大阪都構想が市民に向けて主張している大阪府と大阪市の二重行政の解消は表向きの理由で、本当の目的は別であることをあなたはご存知でしょうか。 

この記事では大阪都構想がなぜ前回の住民投票で否決されたのかを解説し、さらになぜコロナ禍の今、大阪都構想の住民投票を行う必要があるのか、大阪都構想を反対する意見を合わせてわかりやすく解説します。 

大阪都構想はなぜ必要なのか 

大阪市と大阪府の二重行政を廃止し、ムダを削りたい 

大阪維新の会などが主張する大阪都構想が必要だとされる理由の1つに、二重行政ののムダを削ることが挙げられます。

「大阪府と大阪市の二重行政」によって生じるムダを削減し、ムダを削減した費用から新たな大阪の都市計画をすすめていくことが目的です。

大阪都構想では、大阪市を廃止し、4つの特別区に分けて大阪府に一体化しようとしています。 

ただし、松井市長が本会議で、二重行政は解消したと発言している他、嘉悦大学の報告書では二重行政が解消されることでの効果は数十億円しかありません。経済効果1兆円と言われる割にその額は小さいです。

裏の理由は大阪市の政令指定都市としての権限をなくしたい 

しかし、隠された理由の1つとされているのが、大阪府に政治をする上での権限を集中させ大阪市の政令指定都市としての権限をなくしたいことが狙いではないかと指摘されている方々もいます。 

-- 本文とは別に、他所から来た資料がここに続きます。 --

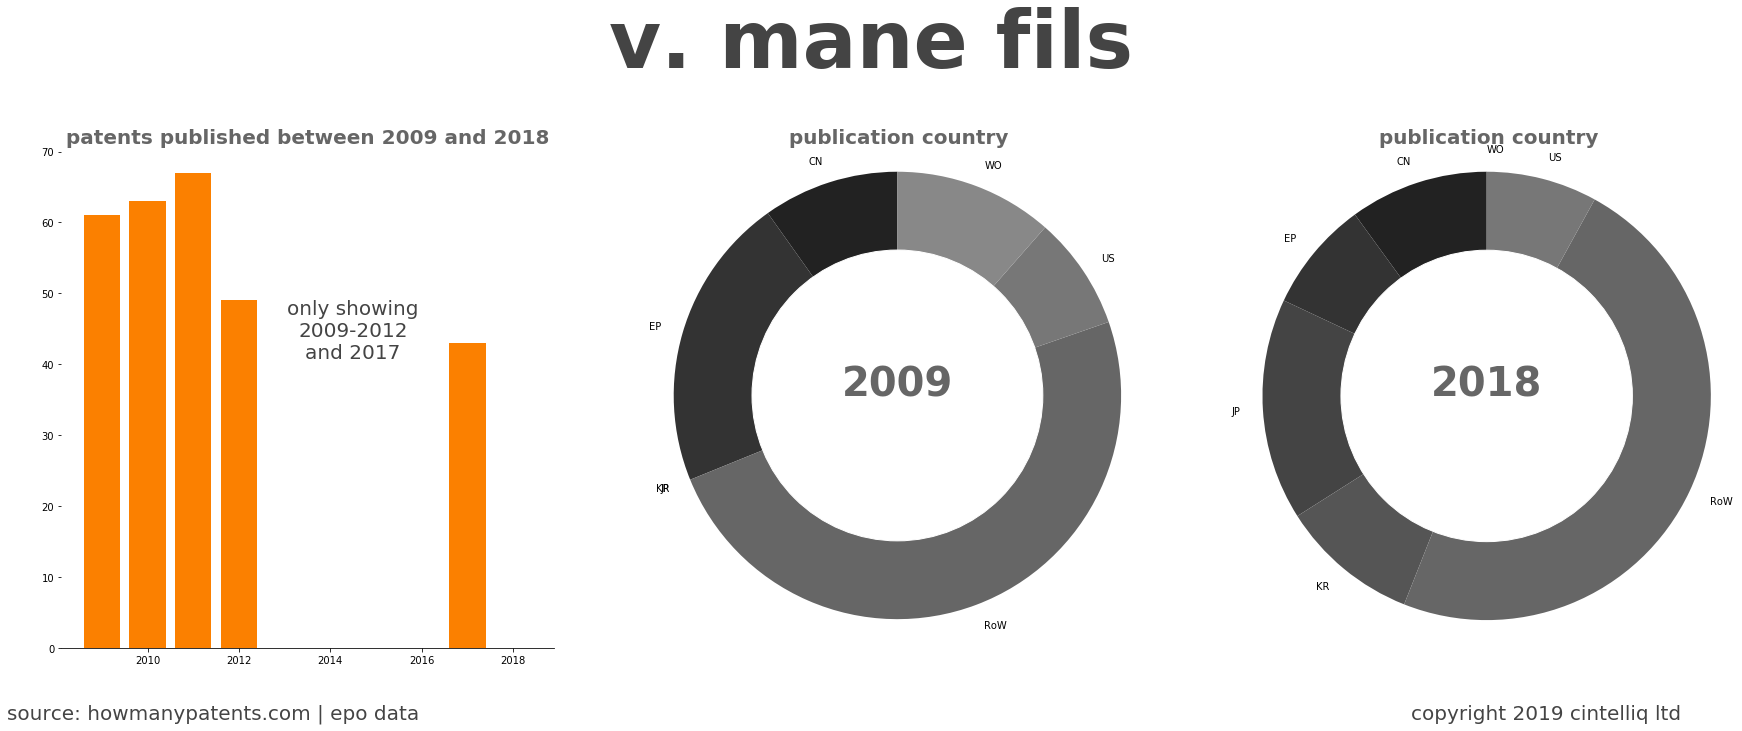 summary of patents for V. Mane Fils

政令指定都市は通常の市とちがい、行政上の権限が他市町村に比べ非常に強い都市になります。

たとえば教員の採用数は市で独自採用が認められています。

また、都道府県へ申請しなくても直接府道や国道を管理することができます。

このように、政令指定都市は独自に進められる権限を持ち合わせているのですが、大阪府はその点について好意的ではありません。

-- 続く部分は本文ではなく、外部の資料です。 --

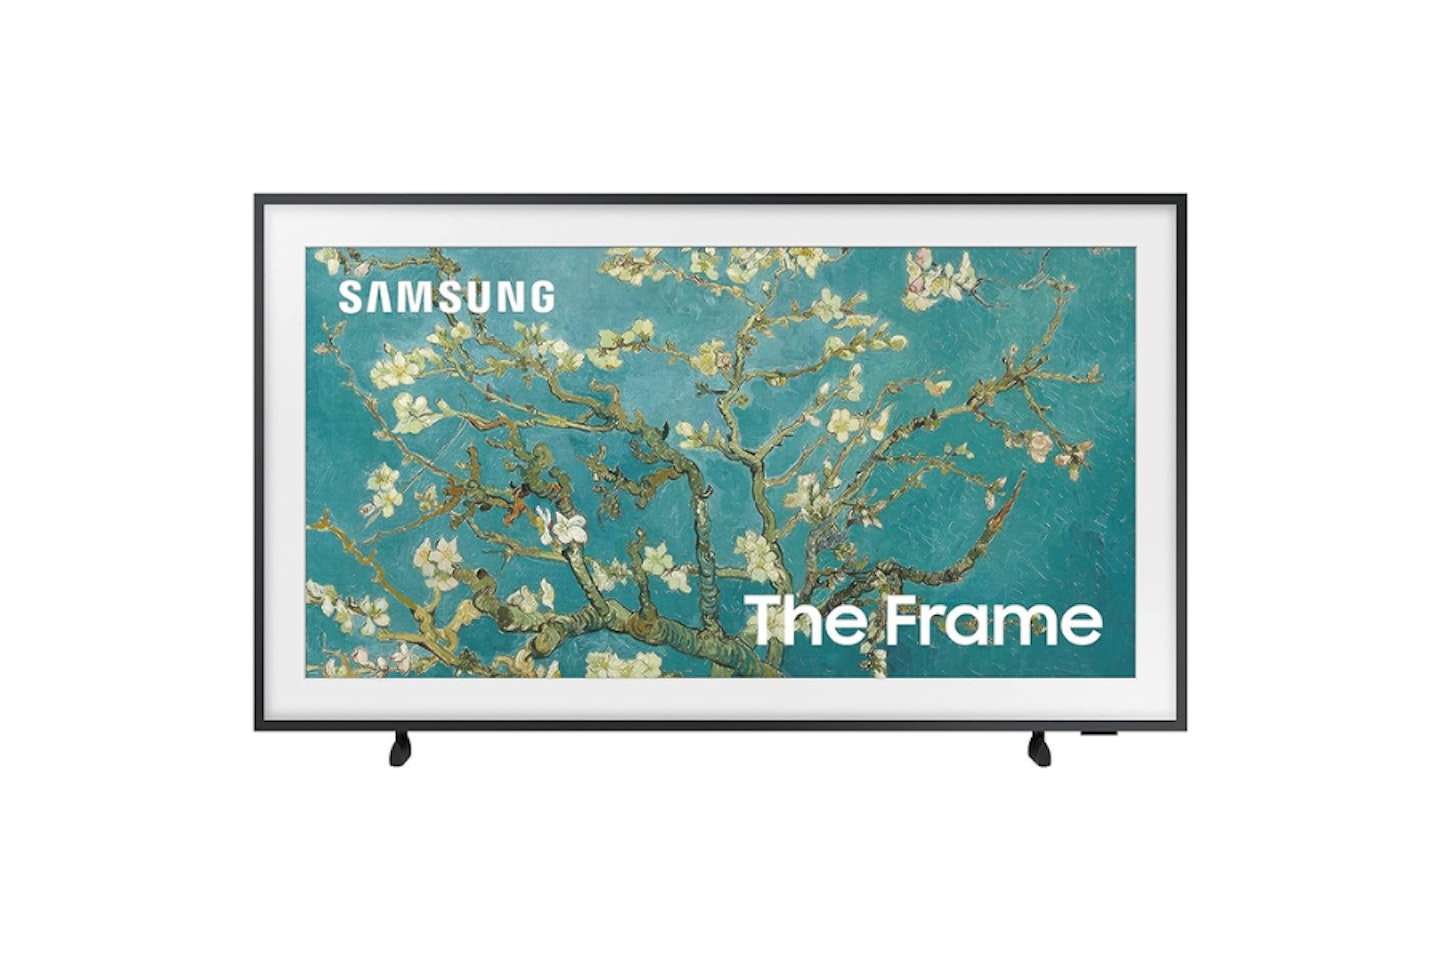 Samsung 43-inch Frame TV

そこで、大阪市の持っている政令指定都市の権限を小さくして、大阪府に権限を集中させようとしています。

こうして大阪市の持っている権利を大阪府が引き受けることで何がメリットになるのか、メリットはスピード感のある決断と政治ができることです。

そのスピード感ある決定ができるメリットがのちに触れるIRに関する項目と密接に関係します。 

大阪都構想が前回の住民投票で否決された理由とは  

大阪都構想の経済効果が当初より見込めないことがわかった 

大阪都構想が前回の住民投票で否決された理由は、都構想を実施した後の経済効果に期待を持てなかったからです。

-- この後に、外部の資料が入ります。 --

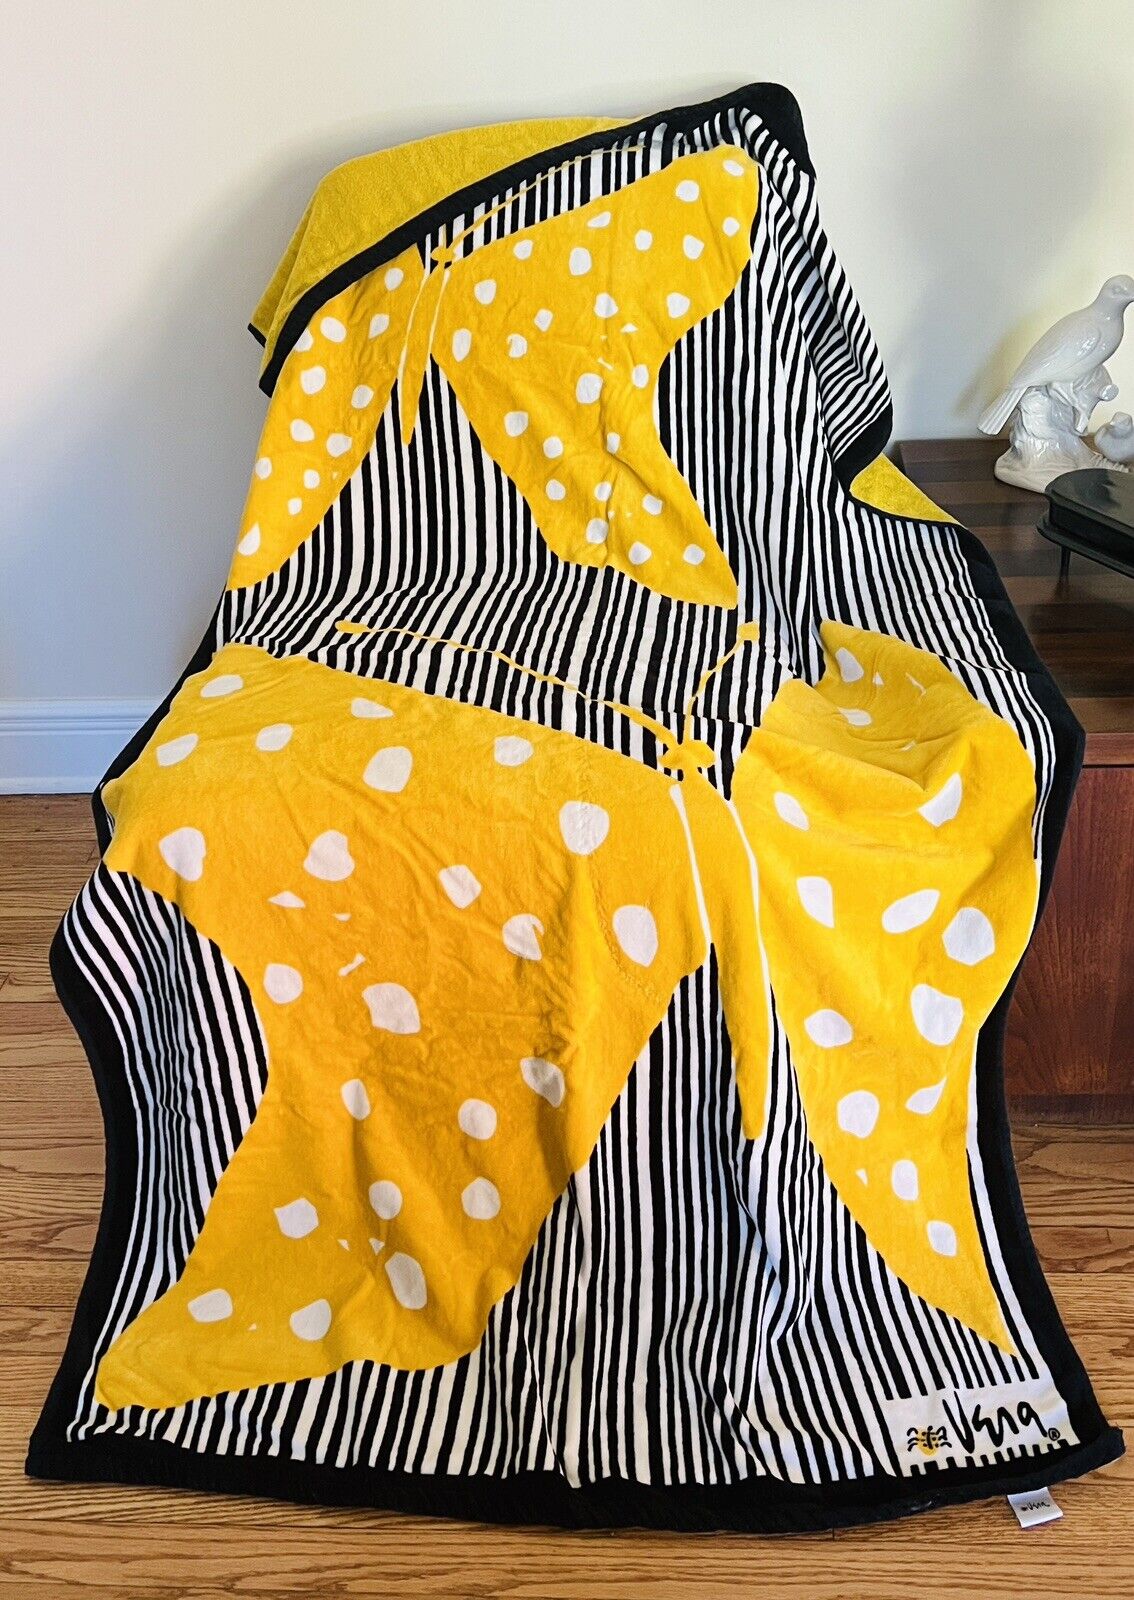 Vera Bradley Beach Towel Ltd Ed  Yellow Butterfly Dots Black White Large.  NWT

大阪都構想が実現すれば、当初4000億円程度の経済効果があると打ち出されました。 

しかし実際、この4000億円の内訳には大阪都構想を行わずともできることつまり大阪市のままでもできることが経済効果の名目に存在していました。 

たとえば地下鉄の民営化をすすめた売却益や、施設統合による維持費の削減などの項目が経済効果の名目に入っていたのです。 

こうした事実が住民にも伝わり、結局経済効果が見受けられないと感じた住民が否決にまわったとされています。 

堺市長選挙の敗北で大阪都構想に逆風が吹く 

住民投票で否決された原因に、同じ政令指定都市の堺市長選挙に負けたことも挙げられます。

大阪都構想の当初の構想では、堺市は最終的に政令指定都市の権限をなくす方向で計画を想定していました。 

こうした大阪都構想の構想に対して、堺市は反発の姿勢をとります。 

あくまでも政令指定都市としての自治権を残しておきたい堺市と大阪都構想をすすめたい両者の思惑は対立し、結果的に都構想賛成VS都構想反対の構図を反映した堺市長選挙が行われました。 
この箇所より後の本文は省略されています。